When last we heard from our hero, beverage entrepreneur Seth Goldman ’95MPPM, he was wrestling with Coca-Cola over "honest" labeling of one of Goldman's Honest Tea products. With that cliffhanger resolved, Goldman now returns as the central figure in his very own comic book.

Mission in a Bottle: The Story of Honest Tea is a 304-page hardcover book, due out in September. It starts with Goldman's idea for the company—combining his thirst for a lightly sweetened, natural ice tea with his desire to "create something where I have a direct impact"—and shows how he teamed up with Barry Nalebuff, his former professor at the Yale School of Management, to launch Honest Tea in 1998.

The pair "stumbled around quite a bit,” Goldman tells the New York Times, but eventually reached $75 million in sales by 2011, the year Coca-Cola bought the company.

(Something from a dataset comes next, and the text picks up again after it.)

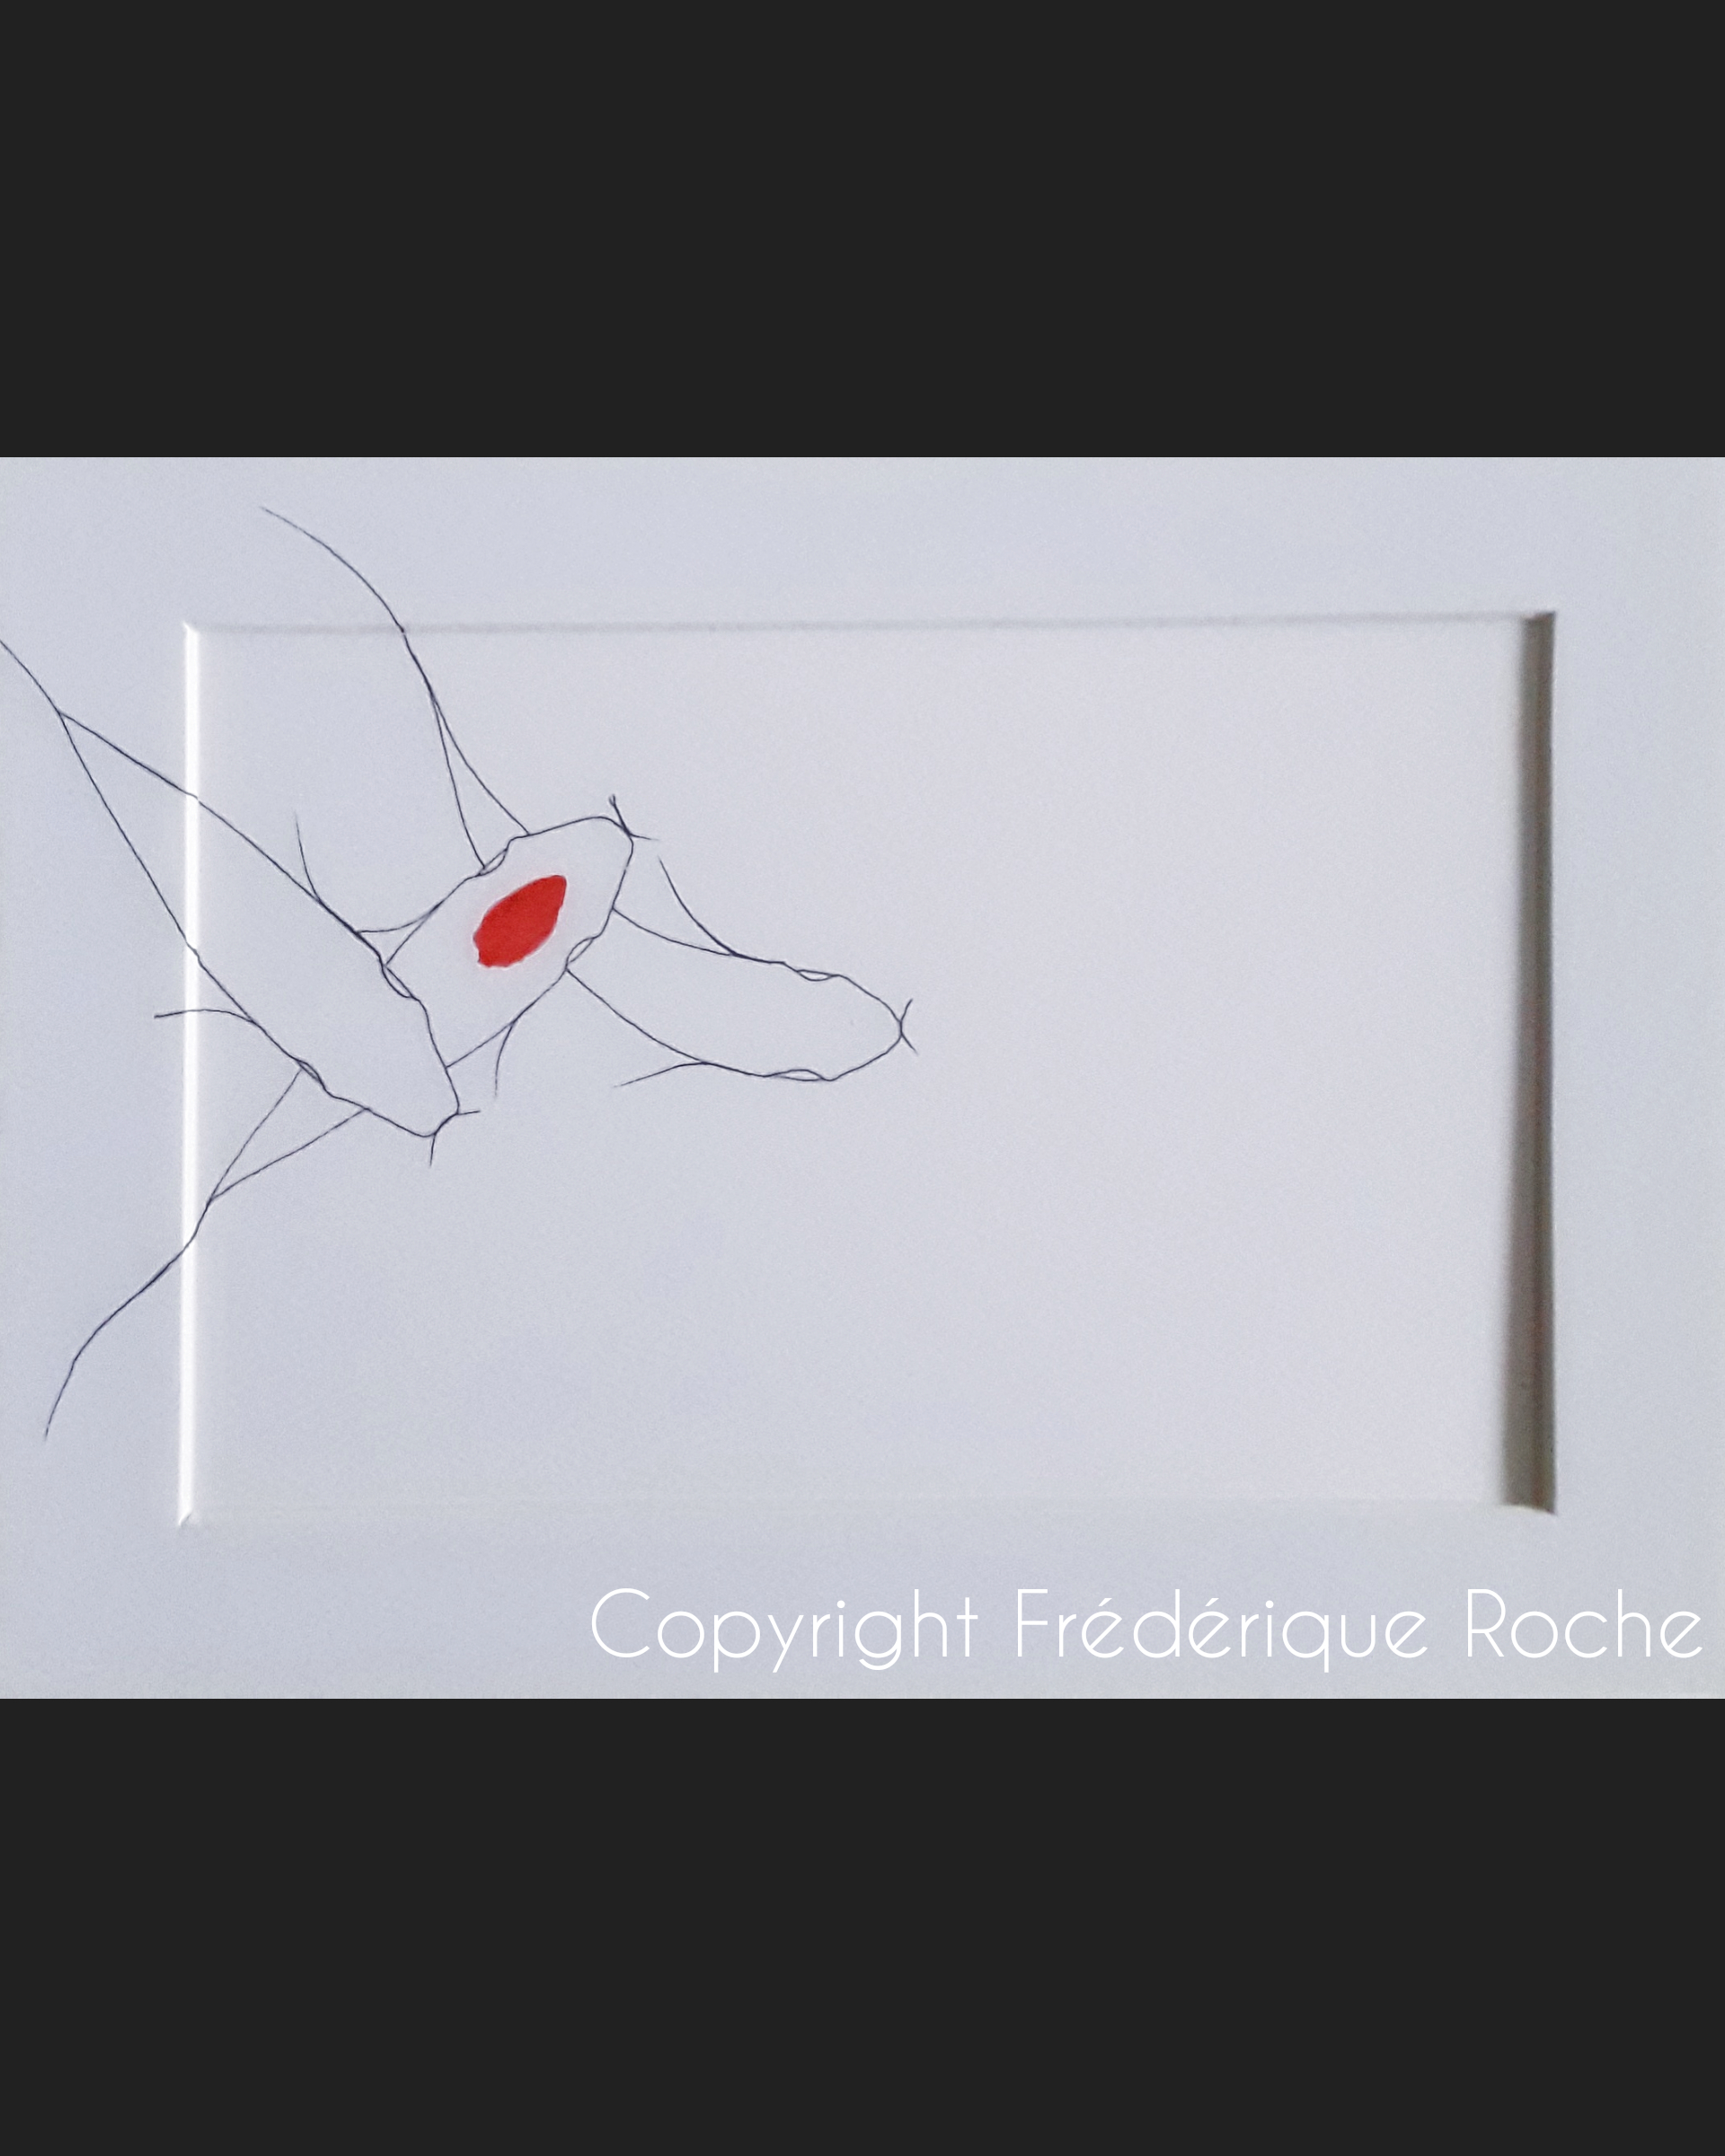 Frederique Roche Artiste Peintre Creation Originale

The book chronicles some of their "countless rejections [and] sleepless nights," as well as their bright ideas and breakthroughs, with the hope of instructing and inspiring people who want to start socially responsible businesses.

As for that 2010 facedown with Coca-Cola over Honest Kids fruit drinks? Coke, then a minority investor, objected to the "no high fructose corn syrup" labels, with their implicit criticism of that sweetener. Today, the kids' drinks still proudly bear that phrase, along with a new declaration: "Sweetened only with fruit juice."

This article was revised after posting to note that the Honest Kids packages still say "no high fructose corn syrup."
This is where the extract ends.